Feb. 21 was the last day for bills to be voted out of the Senate panel, so the decision by Committee Chair Karen Kaiser was seen as a victory for pro-life forces. While Kaiser issued no statement, it appears there were insufficient votes from the majority Democrats on the panel to advance the legislation further.
However, if as expected the full House by early March goes ahead and approves HB 1366, that bill still could come to the Senate for consideration, said Renee Wooten, founder and director of the Options 360 pregnancy centers in Clark County.
“It’s just a merry-go-round of things it has to go through,” she said.
Back on Jan. 24, the House committee held a hearing on 1366, drawing a huge crowd of more than 500 people opposing the bill and perhaps several dozen in favor.
Ministry leaders contend that both HB 1366 and SB 5274 are a renewed attempt to shut down the centers by abortion rights advocates and abortion providers.

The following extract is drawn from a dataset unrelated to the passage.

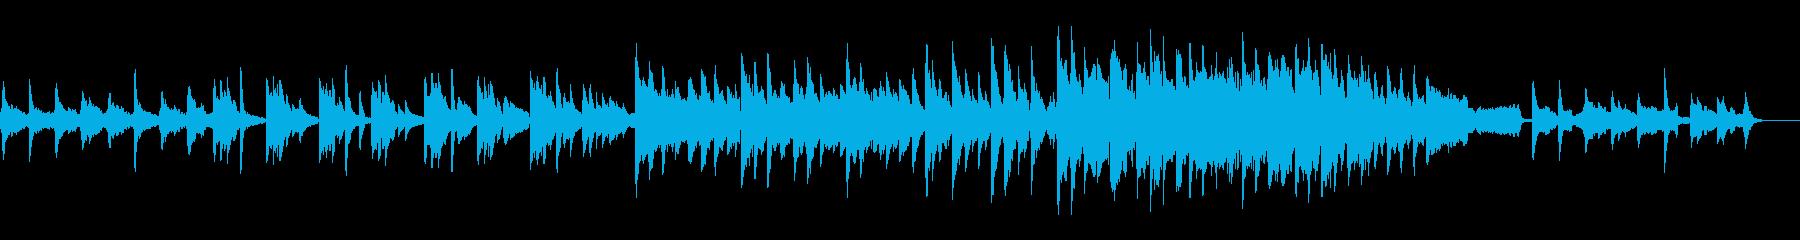 片想いの切なさを表現したピアノバラードの再生済みの波形

Those in favor of the legislation charge that the centers offer false or misleading information about what services are offered and that clients are “denied needed referrals of reproductive health care.”
But leaders of the ministry centers term the legislation the most dangerous seen in any state regarding the centers. They say the proposed regulations are not only onerous and unfairly and inaccurately reflect upon the centers, but also would put the centers in such immediate legal jeopardy that the potential for lawsuits would force them to immediately shut their doors if the proposed law passed.
While the Senate bill’s death gave pregnancy centers a “lot of hope” that all such legislation might ultimately fail, said Wooten, she emphasized that the House bill must still be closely watched.
“We’re expecting it to pass out of the House Rules. Committee,” she said. “It would be great if it doesn’t because it would mean the whole thing’s dead, but we expect it to go to the House floor. If it passes in the House, then goes back to Senate, it would be like starting all over there.”